Closed ESI-SYD closed 6 months ago
https://github.com/intel/intel-xpu-backend-for-triton/pull/370 fixes a subset of the test_softmax
tests.
@whitneywhtsang can we close this issue?
@whitneywhtsang can we close this issue?
No, because only a subset of the test cases are passing.
I reduced the problem to a particular operation in the "_blocksparse_softmax_fwd" (in softmax.py) kernel. The kernel is launched using a grid of [3, 4, 2]:
print("grid: ", grid)
_blocksparse_softmax_fwd[grid](
out, a, a.stride(0), lut, #
rel_logits, rel_shape[-1], rel_strides[0], rel_strides[1], # relative attn#
scale, #
is_causal, #
BLOCK_SIZE=block, #
ROW_SIZE=next_power_of_2(maxlut), #
IS_DENSE=is_dense, #
num_warps=num_warps(maxlut) #
)
Here is the relevant trace:
___________________________ test_softmax[1-4-False] ____________________________
BLOCK = 1, WIDTH = 4, is_dense = False, device = 'xpu', Z = 2, H = 3
is_causal = True, scale = 0.4
...
grid: [3, 4, 2] <<<<<<<<
Inside the _blocksparse_softmax_fwd
kernel we have this code section
if IS_DENSE:
ns = tl.arange(0, ROW_SIZE)
else:
a = tl.num_programs(0) #incorrect value is 96 and should be 3.
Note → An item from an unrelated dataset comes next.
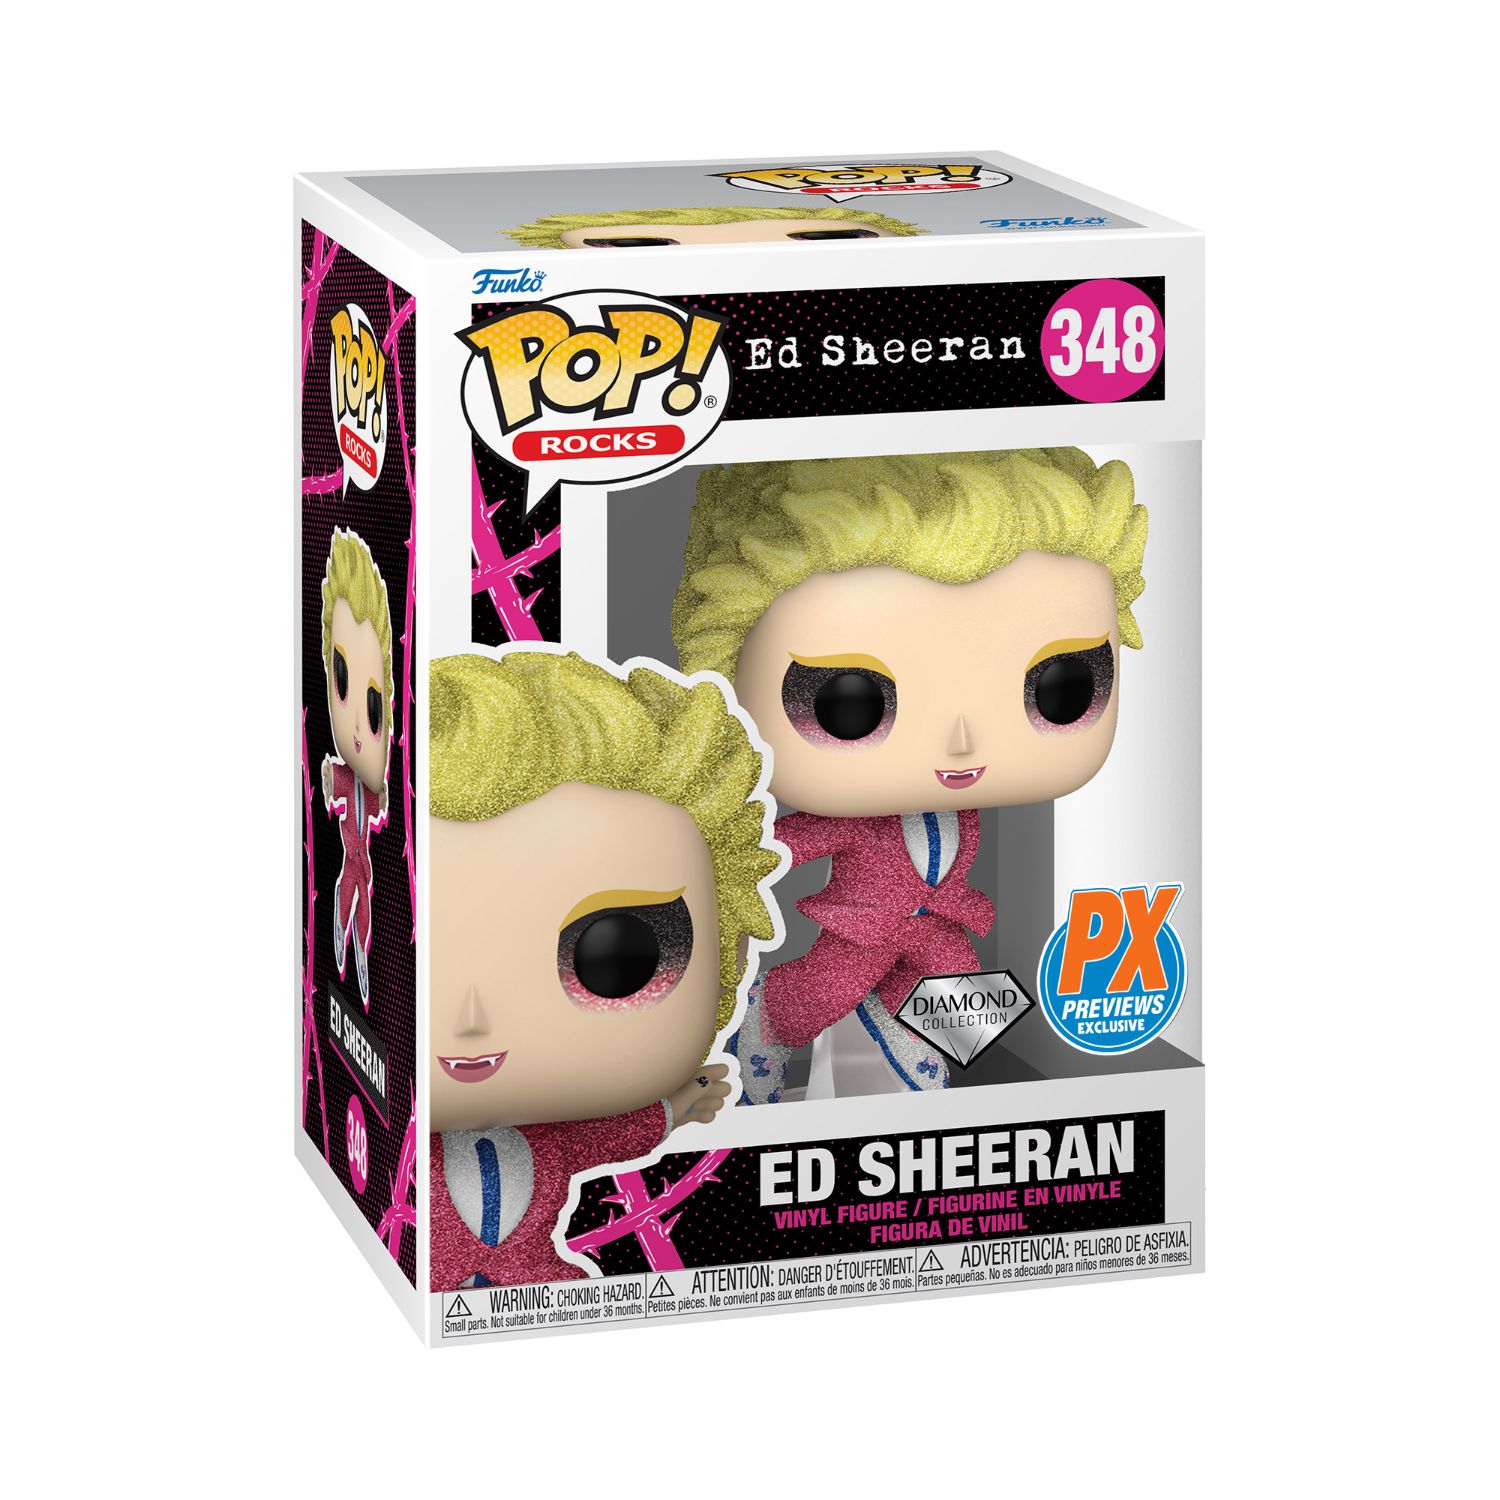 English singer and songwriter, Pop! Ed Sheeran, is here to take the stage in your Pop! Rocks collection! This exclusive, Diamond Collection Pop! Ed Sheeran has donned the pink suit from his “Bad Habits” music video.

b = tl.num_programs(1) # this returns 4, which is correct.
tl.device_print("a: ", a)
tl.device_print("b: ", b)
off_lut = offset + 2 * tl.num_programs(0) * tl.num_programs(1) // BLOCK_SIZE
start_n = tl.load(LUT + off_lut + block_n, mask=block_n < size, other=0)
ns = start_n * BLOCK_SIZE + lane_n
Here the 2 print statements yield:
pid (1, 1, 0) idx () a: 96
pid (1, 1, 0) idx () a: 96
pid (1, 1, 0) idx () a: 96
pid (1, 1, 0) idx () a: 96
pid (1, 1, 0) idx () a: 96
....
pid (1, 1, 0) idx () b: 4
pid (1, 1, 0) idx () b: 4
pid (1, 1, 0) idx () b: 4
pid (1, 1, 0) idx () b: 4
pid (1, 1, 0) idx () b: 4
...
So tl.num_programs(0)
prints 96 instead of 3. Note that the call tl.num_programs(1)
actually yields the correct value (4).
Hard coding the correct value (3) for tl.num_programs(0)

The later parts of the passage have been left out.